その後の専門家セミナーでGoogle技術者は「複製とミラーリングは障害復旧を約束しない。データは、ITシステムの直接影響を受けない磁気テープによるバックアップが必要である」と、しみじみと語っています。

5.クラウドメールの業務利用には注意を要する

ちなみにGmailは個人で利用する限り、比較的信頼性の高いクラウドメールサービスですが、会社の業務用途に使用する場合には注意を要します。 我が国では電子取引情報は7年間添付ファイルを含めて保存し、税務調査の際には取引先検索や金額または日付範囲指定で検索出来ること、訂正削除の履歴の確保等が要件とされていますが、Gmailを始めとするクラウドメールサービスの多くは、この要件を満たしていないからです。 詳しくは公益社団法人日本文書情報マネジメント協会(JIIMA)が公開している「電子取引 取引情報保存ガイドライン」(2018年10月)を参考にしてください。

6.クラウドサービスが突然利用できなくなる障害は、数多く発生

データ喪失までには至らないが、クラウドサービスが突然利用不能となる障害事例は数多く発生しています。 その多くがシステム更新や定期点検がトリガー(引き金)となって起こった障害です。
ネットワーク環境に接続するITシステムは、サイバーセキュリティ対策のため不断にシステムの更新が必要となりますが、皮肉にも些細な部分変更が思わぬ障害を引き起こし、結果的に長時間に渡ってアクセス出来ない状態を生ずる事例が目立っています。

7.オンプレミス(自社運用)でも事故は起こっている

「クラウド」の反対語は、「オンプレミス(自社運用)」です。
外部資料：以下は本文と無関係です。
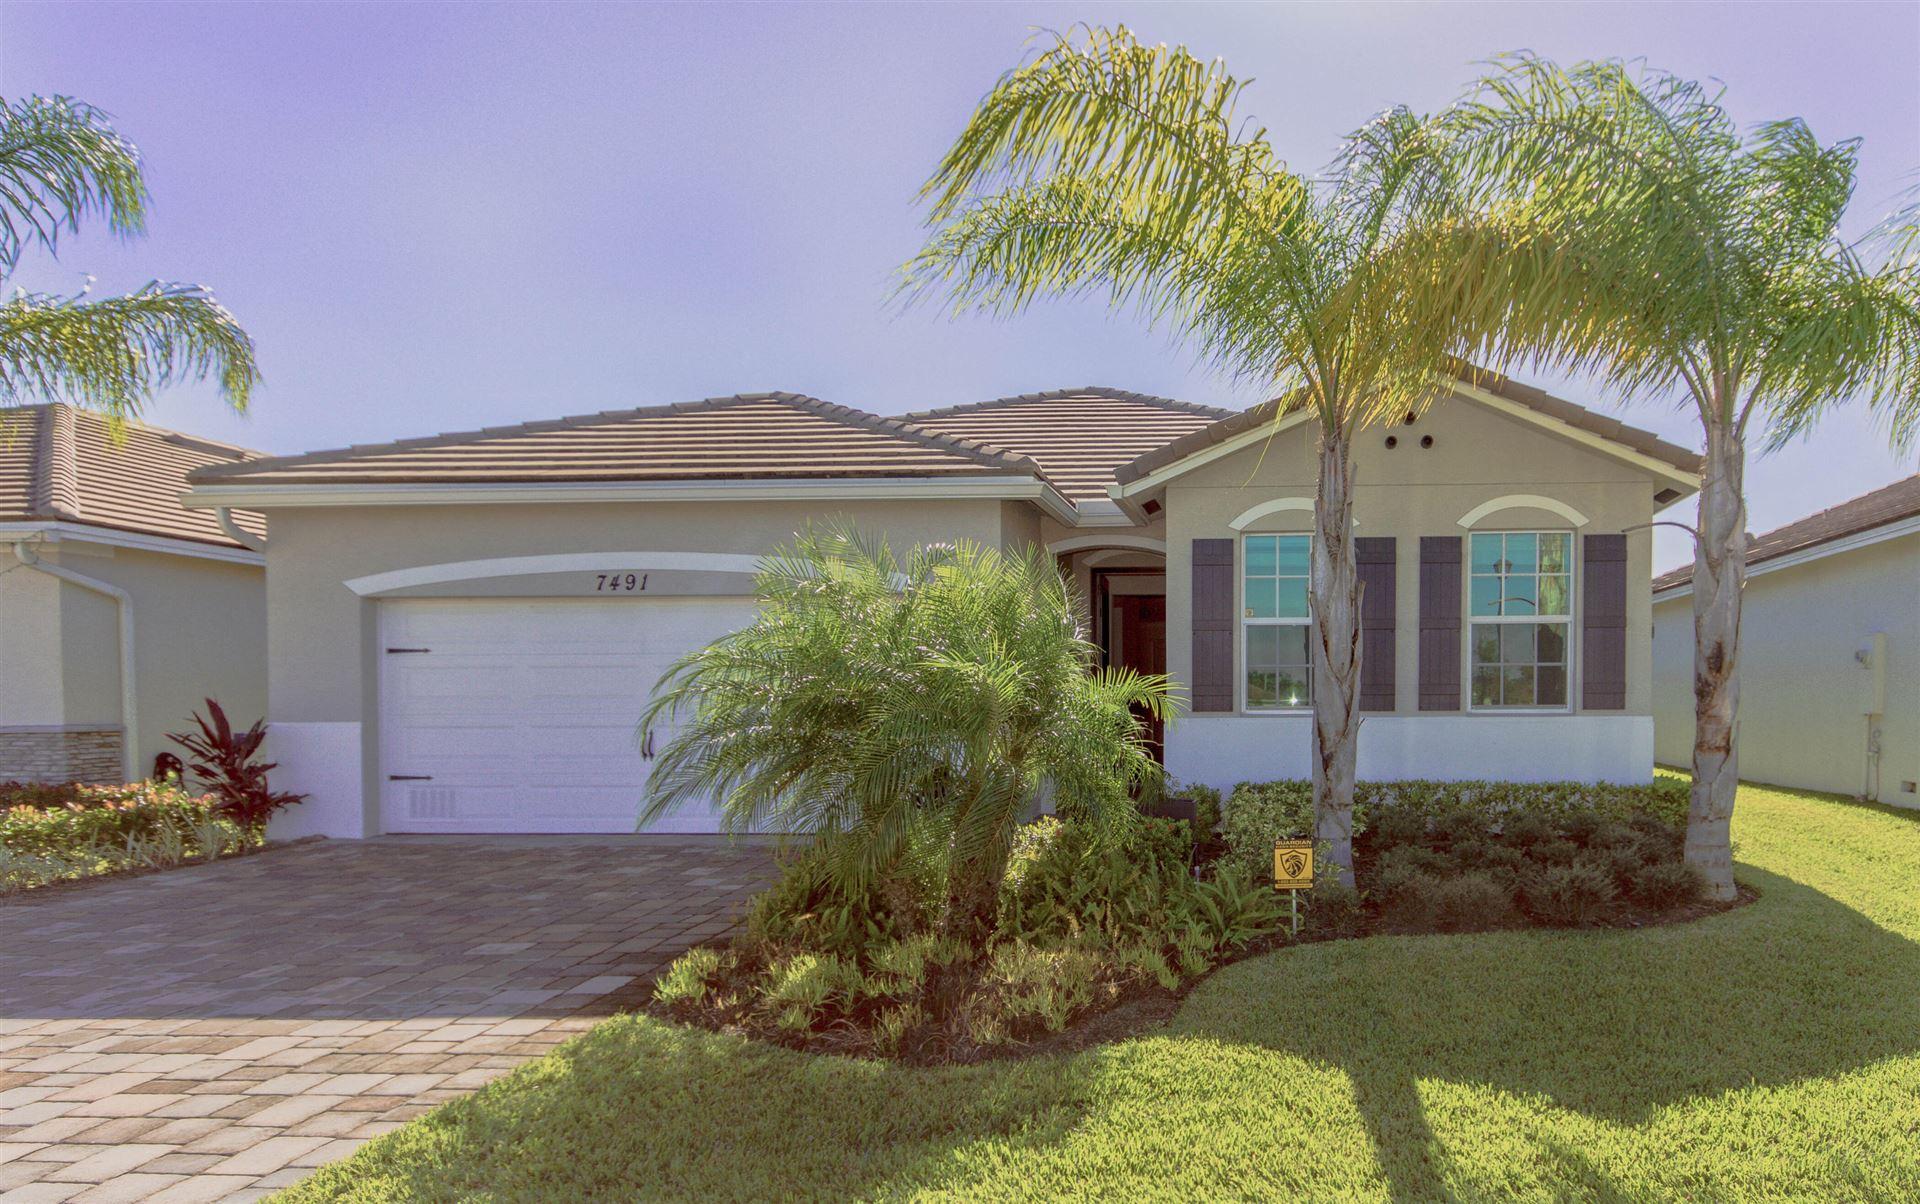 7491 SW Harbor Cove Drive, Stuart, FL 34997 - #: RX-10679065
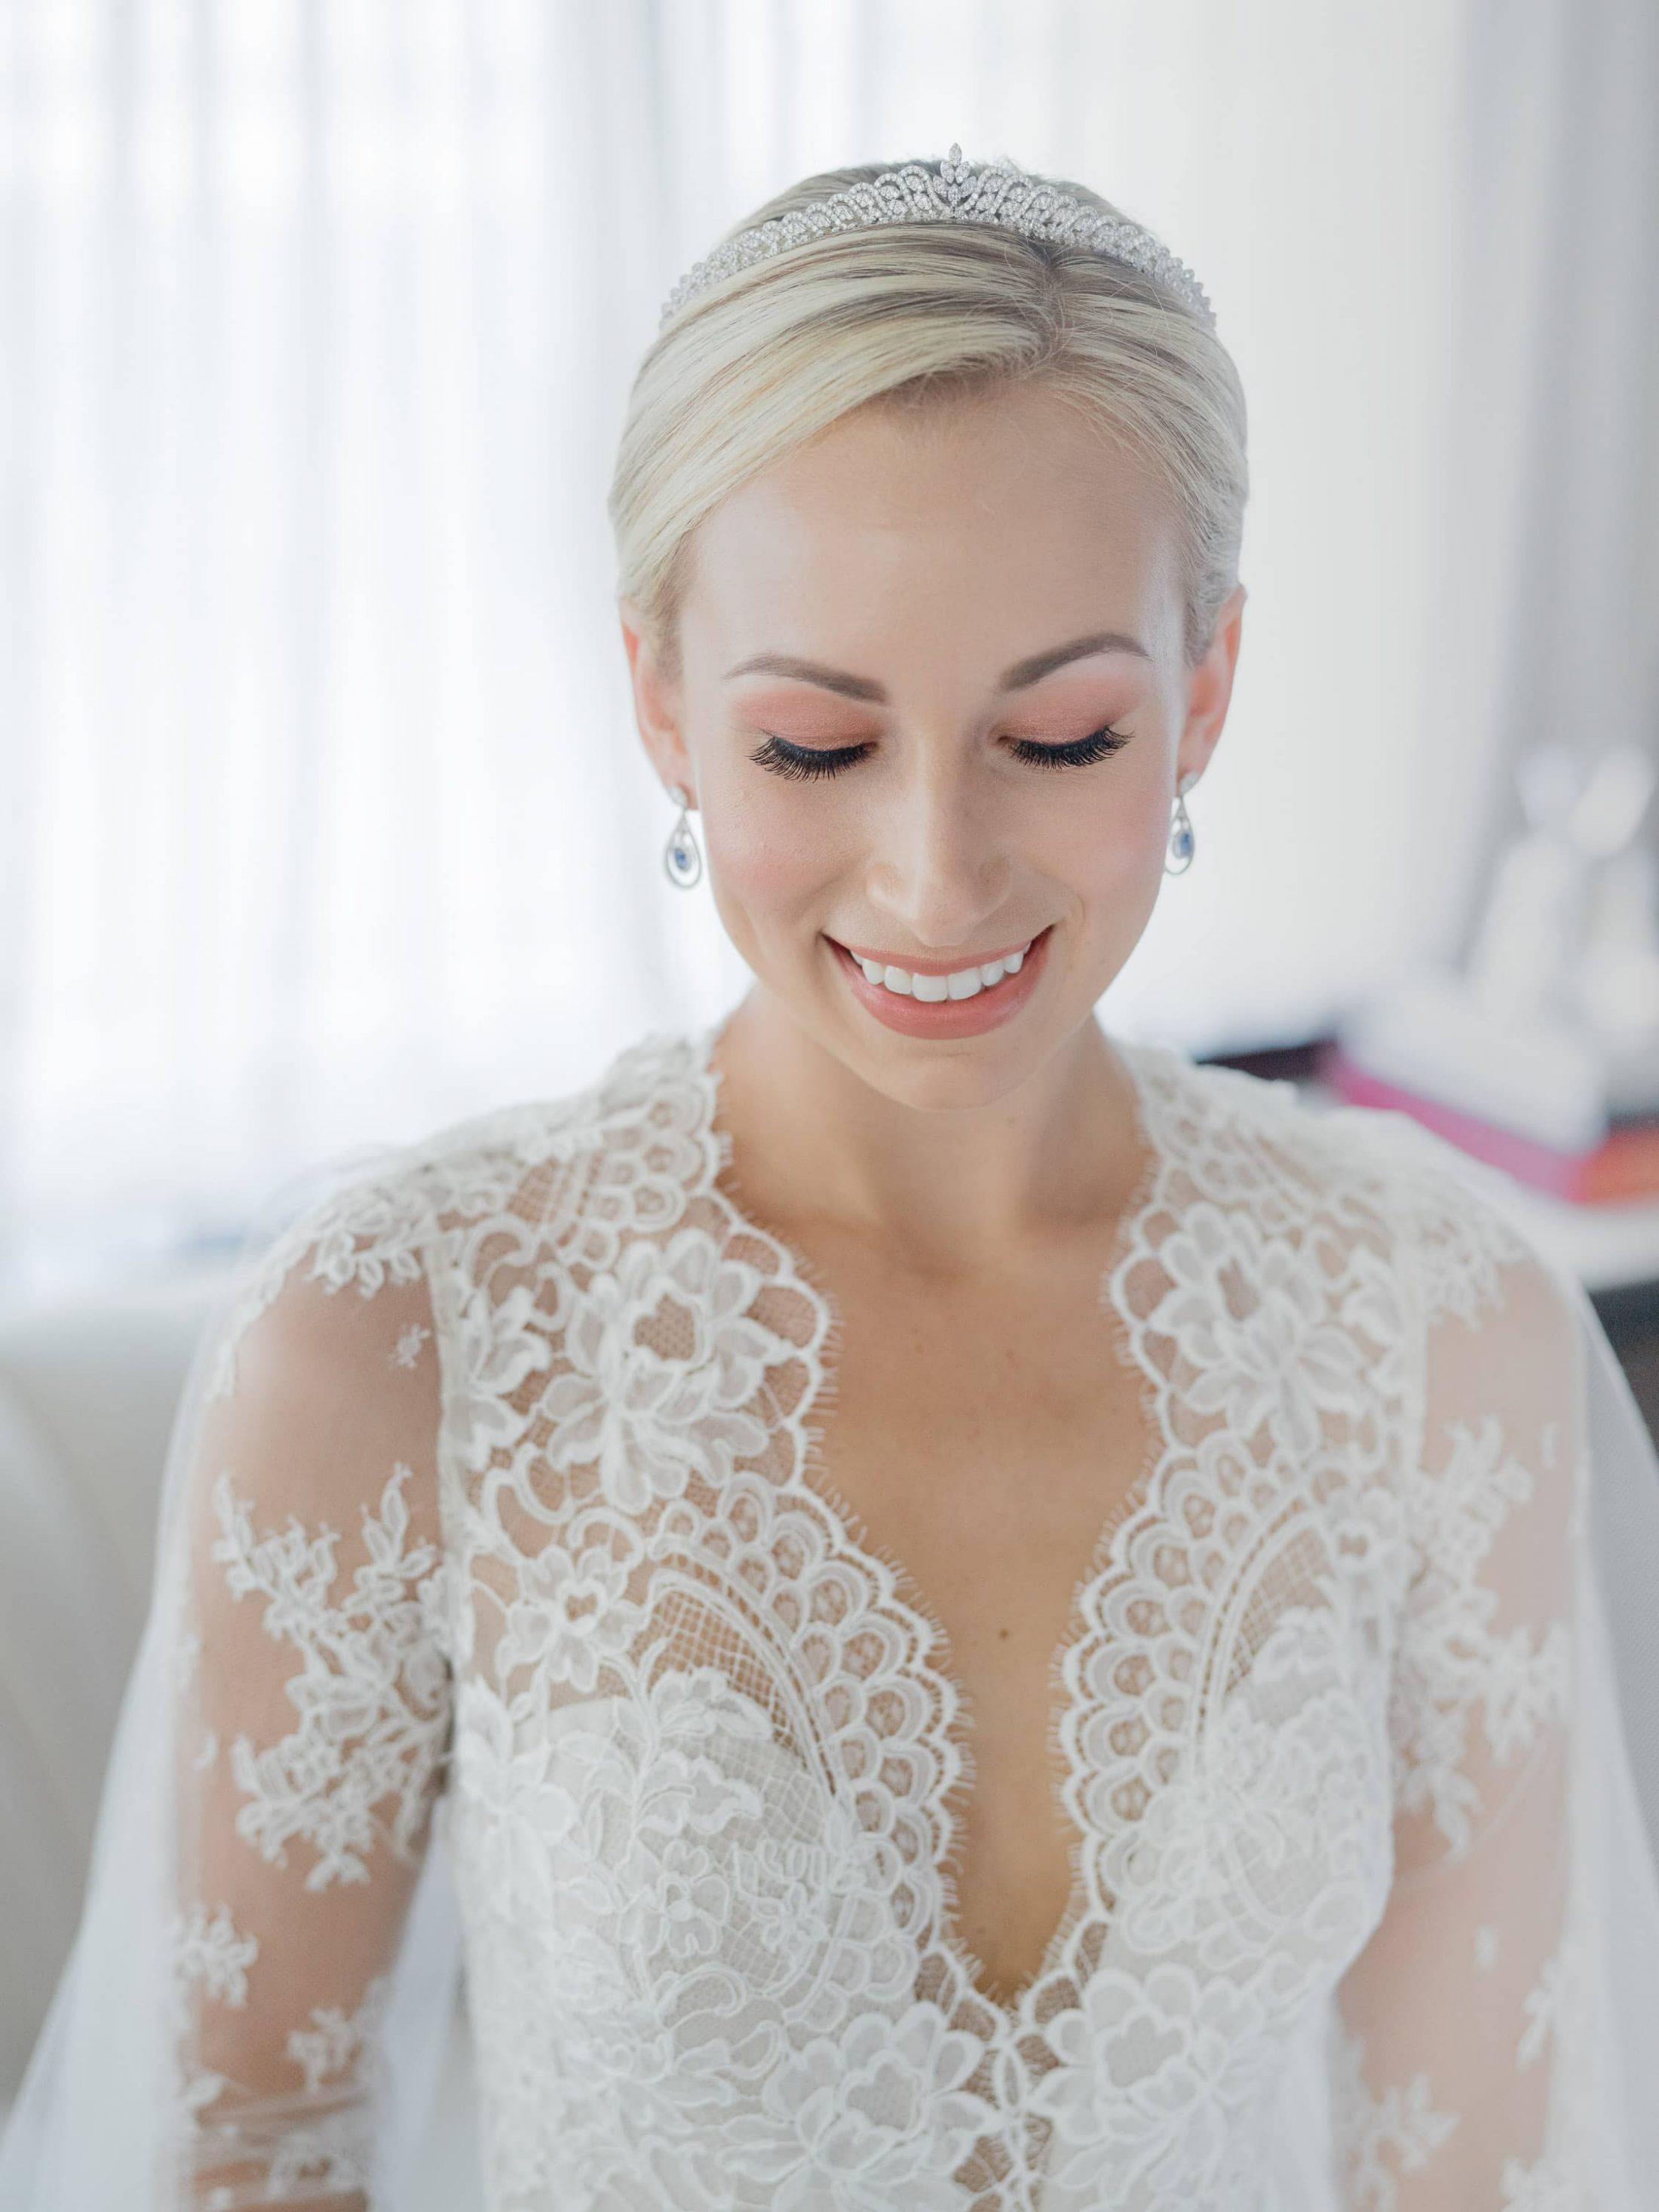 Bride make-up at this Miami yacht wedding | Photo by Corbin Gurkin

当然ながら、システム事故は、その種類を問わず、同じように発生しています。 むしろクラウドサービスの事故は社会的な影響が大きいケースが多いため情報公開されるケースが多いようですが、組織内のオンプレミスの事故については、顧客対応システムの障害を除けば、内部で処理され非公開となることが普通です。
しかしIPA(独立行政法人「情報処理推進機構」)は毎年6か月ごとに、情報システムの障害状況一覧表をインターネットで公開しています。 2018年前半(1月~6月)報告では民間組織で35件が報告されています。 内訳は金融証券関係のシステム障害が14件、個人受験情報漏えいが1件、病院の電子カルテシステム障害が3件、仮想通貨の取引システム障害が2件となっています。 また地方公共団体のシステム障害は別枠で22件が報告されています。
*「情報システムの障害状況―2018年前半データ」IPA社会基盤センター

8.プロ中のプロでも事故を起こす

2018年前半報告にはIPA自身が引き起こした事故も報告されています。
IPAが主催する「ITパスポート」資格検定試験の団体受験において受験番号、氏名、受験料支払情報、成績、合格証書番号などを含む個人情報が、累計137件情報漏洩した事故です。 原因は2団体が同じ日時に受験申込情報をCSVファイルでダウンロードしたため、異団体を排他制御するプログラムに不備があり、2団体双方の受験情報が合体してCSV出力され、情報漏洩したためでした。 IPAは我が国の情報システムの安全性を向上するために設けられた行政機関に準ずる組織ですが、プロ中のプロであっても情報システム事故は避けられないことを証明しています。

9.データのバックアップは費用ではなく投資

経営者は、「情報システムにはなるべく手を抜きたい、費用をかけたくない」のが本音でしょうが、「クラウドでもオンプレミスでも情報システム事故は必ず起こること、その際にはデータ喪失を伴う場合も充分ありうること」、これを肝に銘じて、実践的に効果のあるデータバックアップ体制を構築しておく必要があります。 データのバックアップは、費用ではなく、「会社の信頼を得るために必要な投資である」と考えてください。